In the 1920s, actor and director Karel Lamač was among the few truly respected film personalities in Czechoslovakia. In 1925, the daily Český deník called him an artist whose work already guaranteed him a spot in the Pantheon of Czech cinema but who still had much more to offer.[1] Lamač was seen as a versatile artist and praised for his technical, aesthetic, acting and literary skills. The text also stresses that if we want to see more Czech films of exceptional quality, securing funds is an absolute necessity. Which is an obstacle Lamač and many short-lived production companies had to surmount. Despite the stabilisation of the industry and the increasing number of cinemas, domestic productions were still considered risky.
Period press had made it a habit to criticise Czech films, but between 1924 and 1925, the situation changed. In 1925, Film magazine published an article titled New Era of Czech Film.[2] It describes the increasing quality of local production with technical and narrative qualities reaching their peak. The titles listed as examples included the dynamic comedy Catch Him! (Chyťte ho, 1924), sometimes screened with an alternative title The Clumsy Burglar (Lupič nešika). The film was directed by Lamač, who also had the leading role, produced by AB and distributed by Gloriafilm. Catch Him! was premiered on 1 January 1925 and was promoted as an excellent new-year comedy.[3] In many aspects, it represents an inspiring intersection of the questions to what extent should Czech films resemble foreign productions and to what extent they should rely on their distinctiveness.
Devotion to New Art
In his memoirs, Václav Wasserman, a screenwriter and one of Lamač’s closest collaborators, confirms the increased interest in Czech films and praises White Paradise (Bílý ráj, 1924), a film which the distributors and cinema owners doubted would perform well.[4] According to Wasserman, it was only thanks to Lamač’s heroic and almost self-destructive efforts that the film made it through postproduction and appeared in the cinemas (it was premiered on 1 August 1924). He describes the busiest actor and filmmaker of his time – Lamač regularly worked abroad – as a passionate, ambitious and most of all steadfast artist. Lamač’s devotion to film is apparent from his short publication How to Write Film Libretto (Jak se píše filmové libretto) from 1921, where he lists several fundamental aspects and rules, whether he learned them somewhere or discovered them himself – several examples are given from The Lumberjack (Drvoštěp, 1922), which was his first preserved directorial project. Lamač wanted to adopt the style of Hollywood. He wrote dramatically tight narratives based on causality, the editing followed logical continuity and alternating scene sizes follow the ‘Griffith’ method. A compact and tight dramatic form was the most important element. Another repeating element in his silent films is the criminal motif he shared with several other filmmakers, some of whom – for instance, Martin Frič and Přemysl Pražský – continued working with him throughout the 1930s. But Lamač’s work stands out from the period production. His rigorous replication of American models was an exception. The film production back then was dominated by episodic and cyclical narratives. Catch Him! is a clear creative continuity. Lamač was commissioned with this project after he finished White Paradise, which was sold to UFA for international distribution. He managed to finish it in the four remaining months of the same year. It was the very first time the legendary ‘big four’ got together – director and leading man Lamač, leading lady Anny Ondráková, cinematographer Otto Heller and screenwriter Václav Wasserman. The First Republic film industry was built mainly on personal relationships and friendly groups of specific ‘creative groups.’ With each person listed above, Lamač fostered fruitful domestic and international collaboration.
Narrative Ambition
Wasserman described the film as a variation on Harold Lloyd’s slapstick comedies. Before this film, Lamač appeared in comedies by Karl Anton, who regularly made slapstick comedies. He also made the situational comedy Gilly in Prague for the First Time (Gilly poprvé v Praze, 1920) where he explicitly cited and imitated Charlie Chaplin and the famous Keystone Cops. Chase scenes were an inseparable part of (not only) American slapsticks, and the dynamic action intertwined with surprising interaction with the environment was the main source of humour. Catch him! utilises the same and tested formula.
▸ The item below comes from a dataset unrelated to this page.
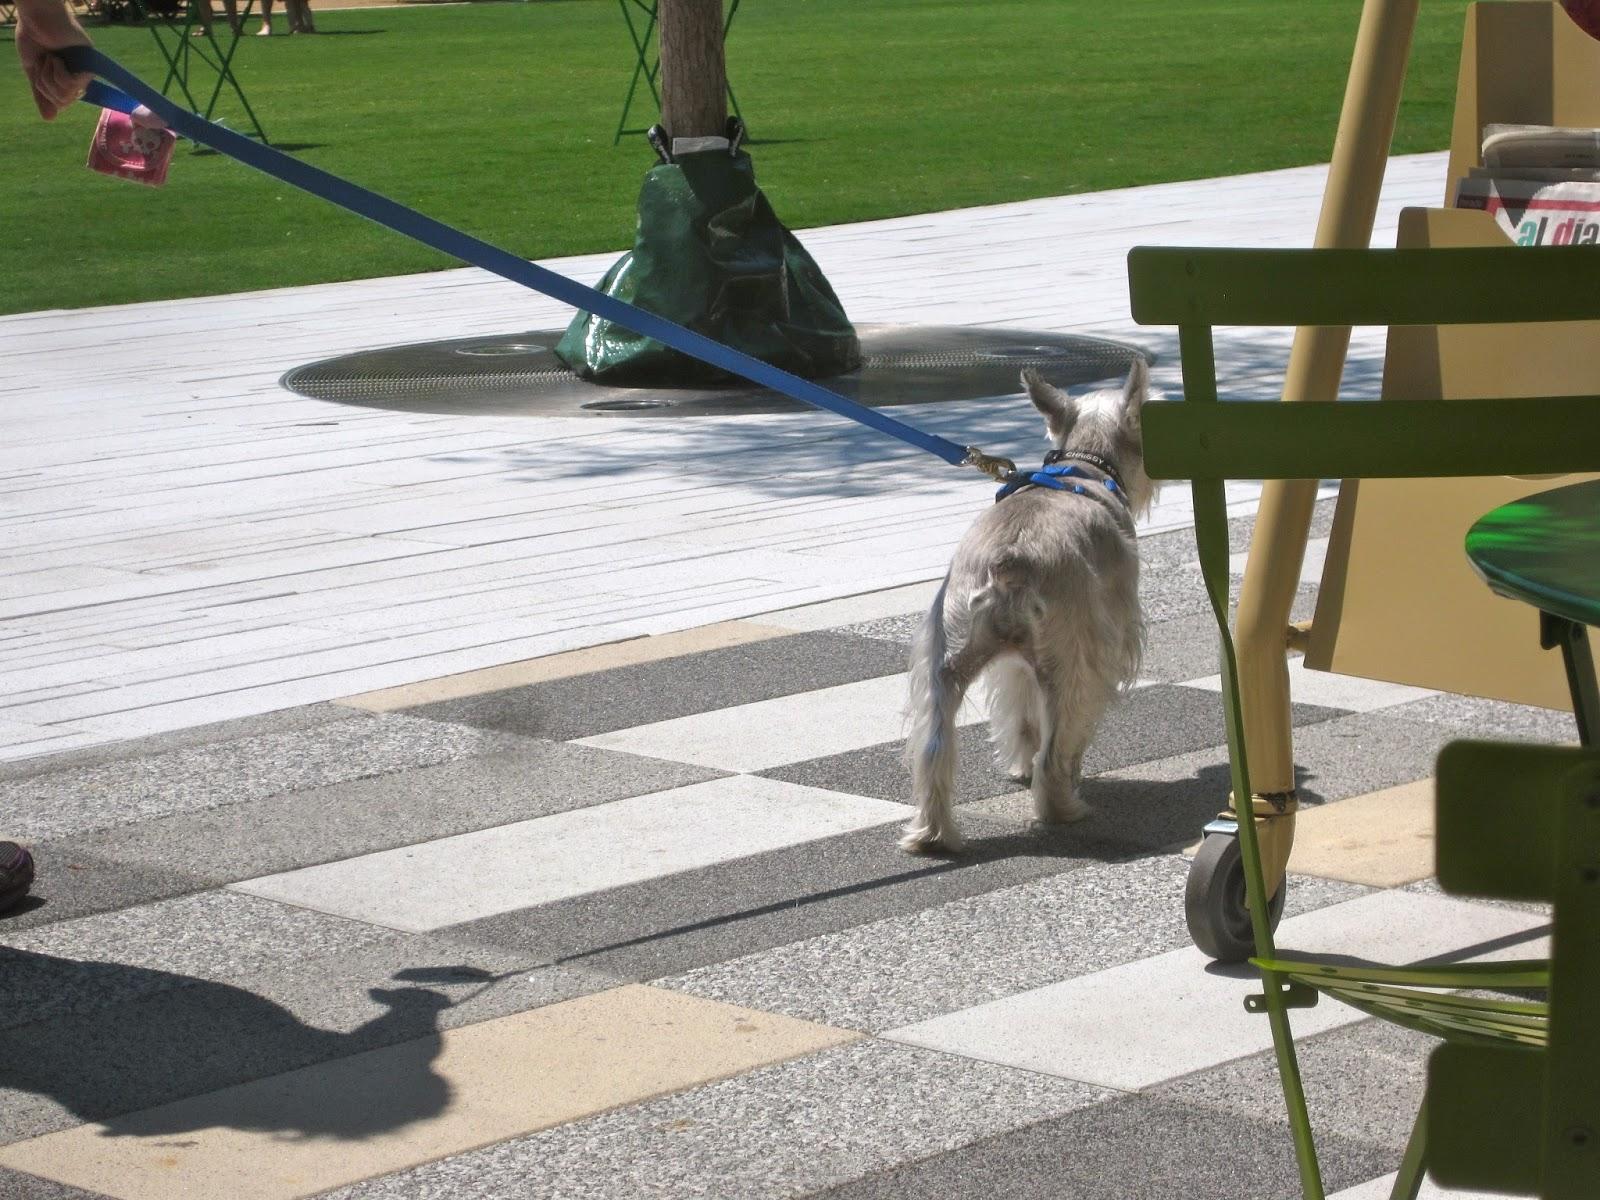 Giant Schnauzer Mastiff Mix This miniature schnauzer

The film tells a straightforward and simple story of a man, the sculptor Johnny Miller, who wagers that even after a night out with his friends, he can find his way home blindfolded. Before he knows it, he unwittingly joins a group of robbers and is caught burgling the house of a wealthy man and his ward. He spends the following day trying to escape and rectifying the situation while facing one twisted and absurd situation after another. It’s a clever comedy filled with well-written mistakes and confusions. The film defies its local nature – the characters have American names, the main villain has the now deplorable ‘blackface,’ the settings are universal and the film tries to come across as cosmopolitan. The attributes of Harold Lloyd’s work can be traced in the protagonist. Johnny is a victim of external situations. He’s only very rarely proactive. It’s his friends who reveal his true identity to the ward Lilly, who takes a liking to him. Johnny simply tries to adapt even to the most tumultuous situations, which forms the basis of individual gags. But when he takes matters into his own hands, he’s immediately caught. Johnny spends the climax of the film paradoxically tied to a railway crossing barrier and is saved from the villains by an unconcerned railwayman. The force which helps to free Lilly from the hands of the villains in the end is actually the police force. Johnny is only ‘present.’ That’s an entirely different scheme than in The Lumberjack, where Lamač’s protagonist takes on the role of the hero and saviour. His ambitious work with the main character further underscores Lamač’s thorough use of foreign patterns. His work with layers and linking individual gags with the visual framework is particularly impressive. The compositions create contrasts by combining the depth of field and two-dimensional movements. The position of the camera is always defined by the possibilities of the visual gag. Lamač and Heller were fully aware of the importance of the vantage point and its impact on the portrayed action.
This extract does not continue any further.